Task statement ▸
Restate every line of the data word for word, except for the images.

** Data segment follows **

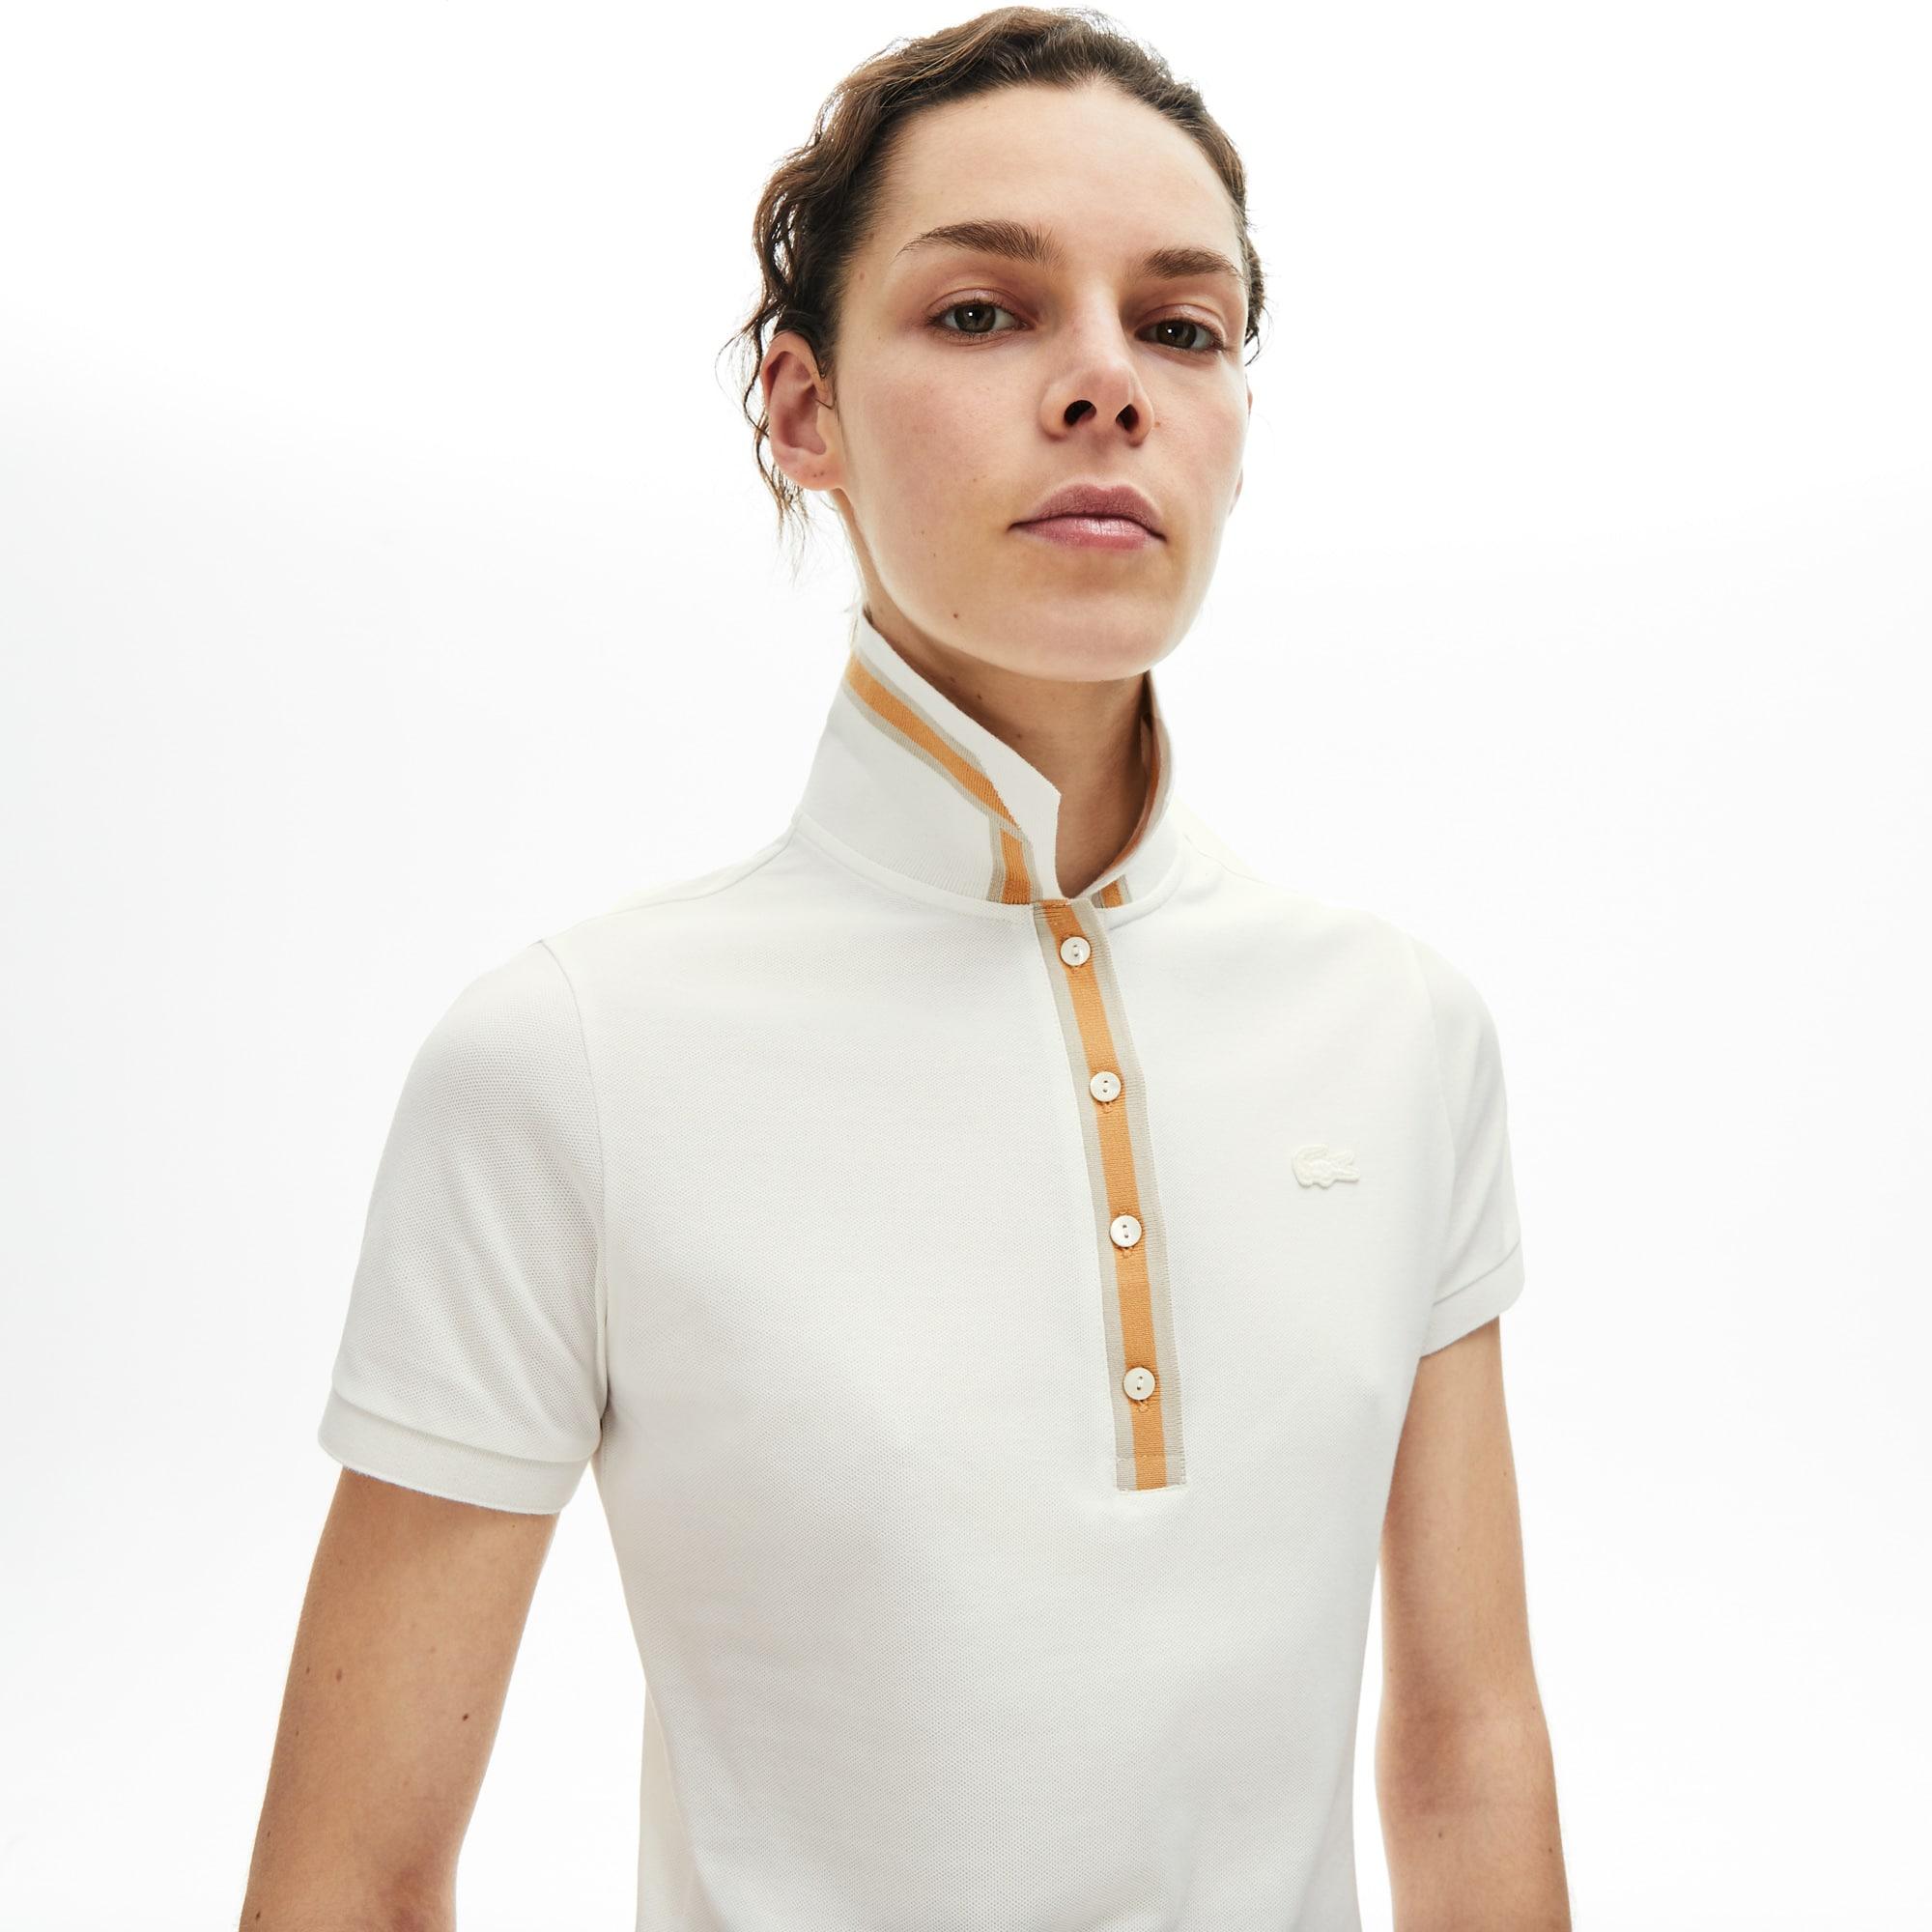 Women's Lacoste Contrast Stretch Cotton Polo Shirt
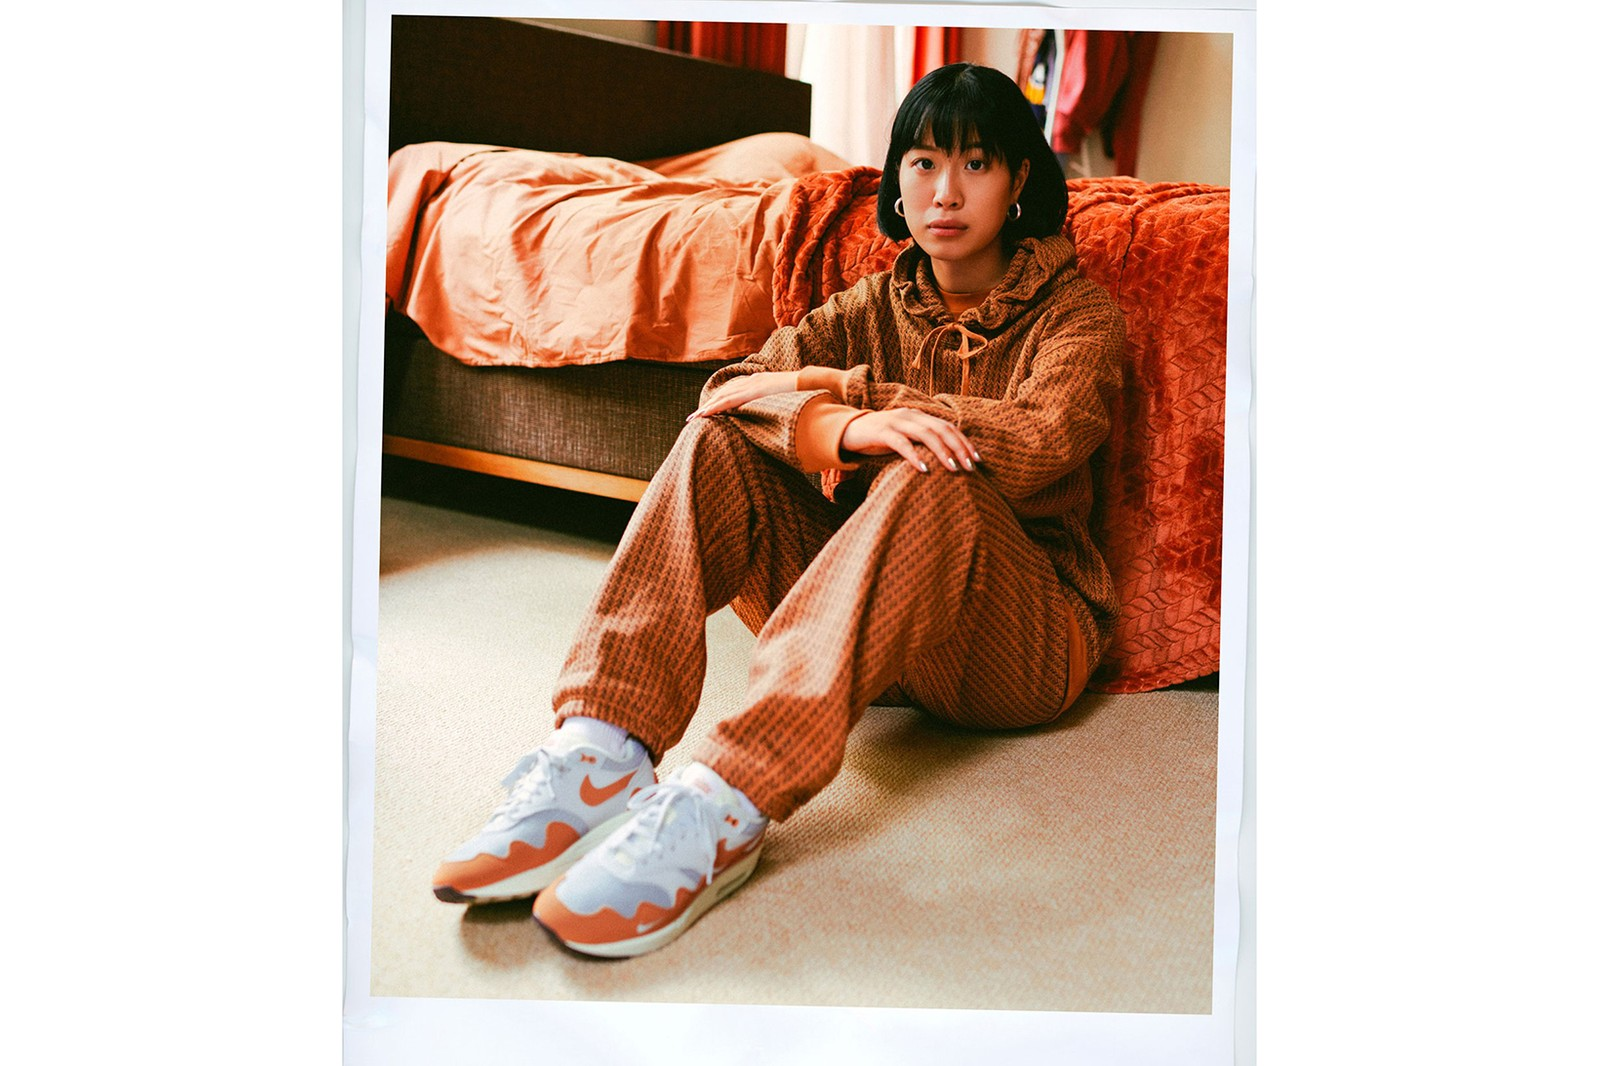 Patta Nike Air Max 1 AM 1 Monarch Orange White Sneakers Footwear Collaboration
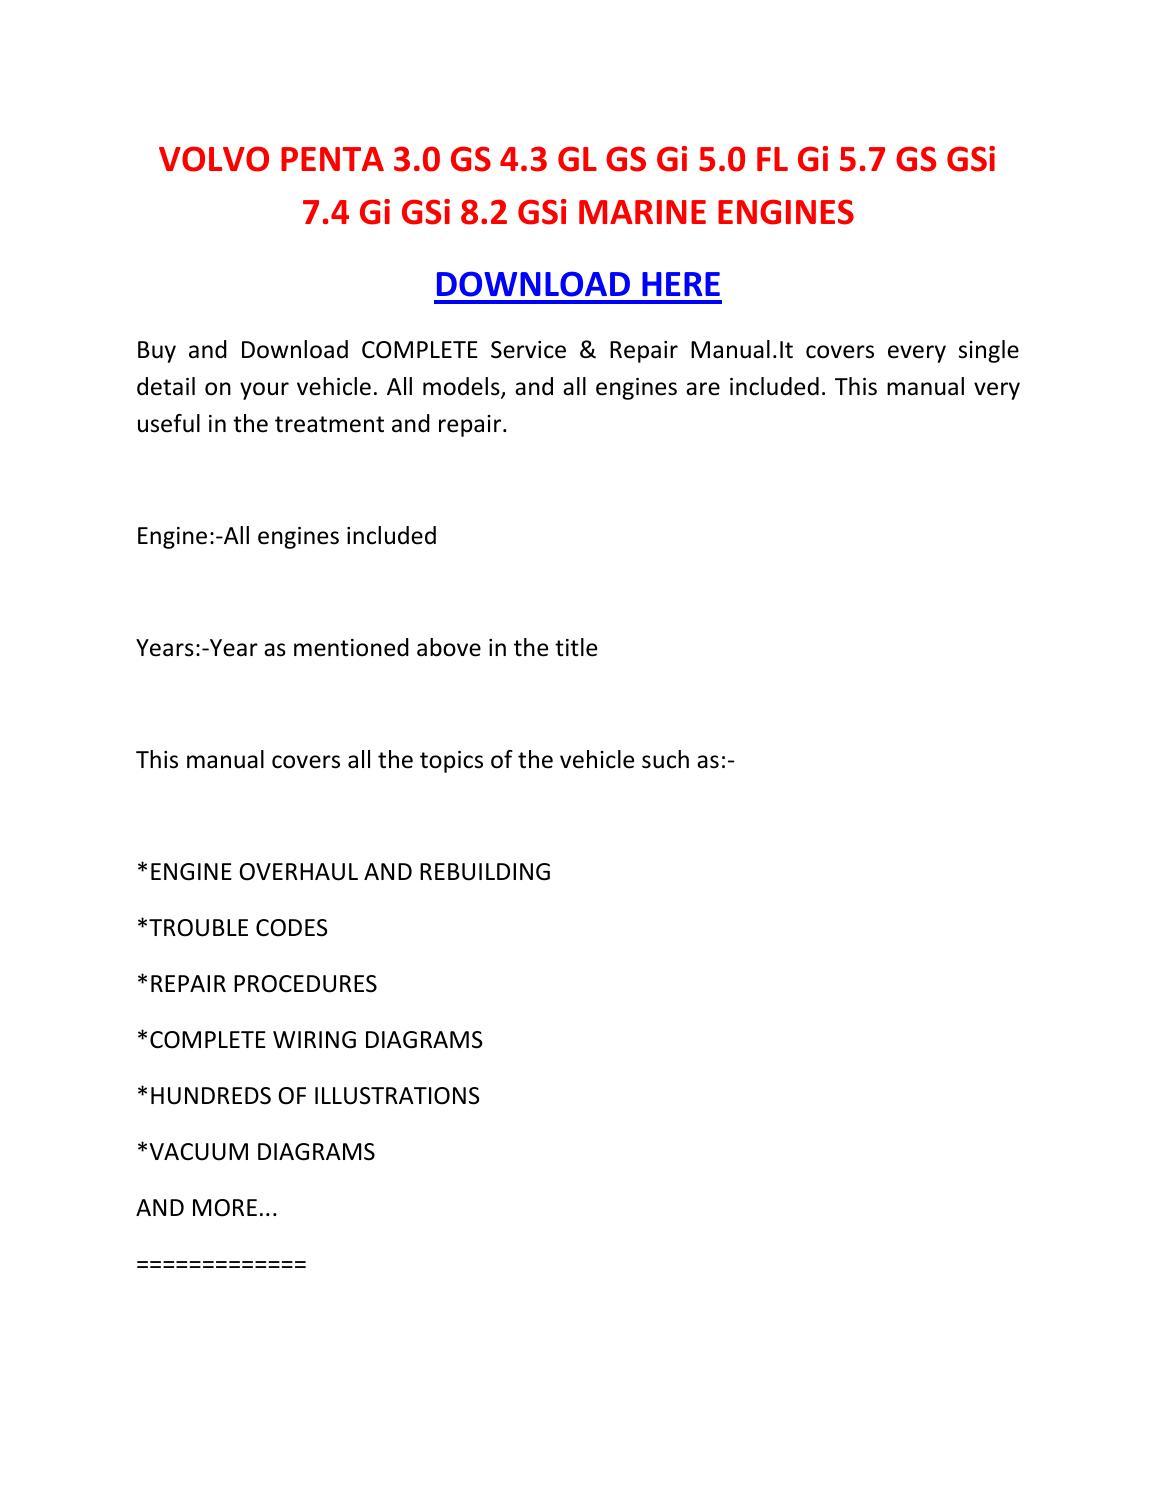 volvo penta 3 0 gs 4 3 gl gs gi 5 0 fl gi 5 7 gs gsi 7 4 gi gsi 8 2 gsi  marine engines

** End of Data segment **

Completed exercise ▸
 Women's Lacoste Contrast Stretch Cotton Polo Shirt
 Patta Nike Air Max 1 AM 1 Monarch Orange White Sneakers Footwear Collaboration
 volvo penta 3 0 gs 4 3 gl gs gi 5 0 fl gi 5 7 gs gsi 7 4 gi gsi 8 2 gsi  marine engines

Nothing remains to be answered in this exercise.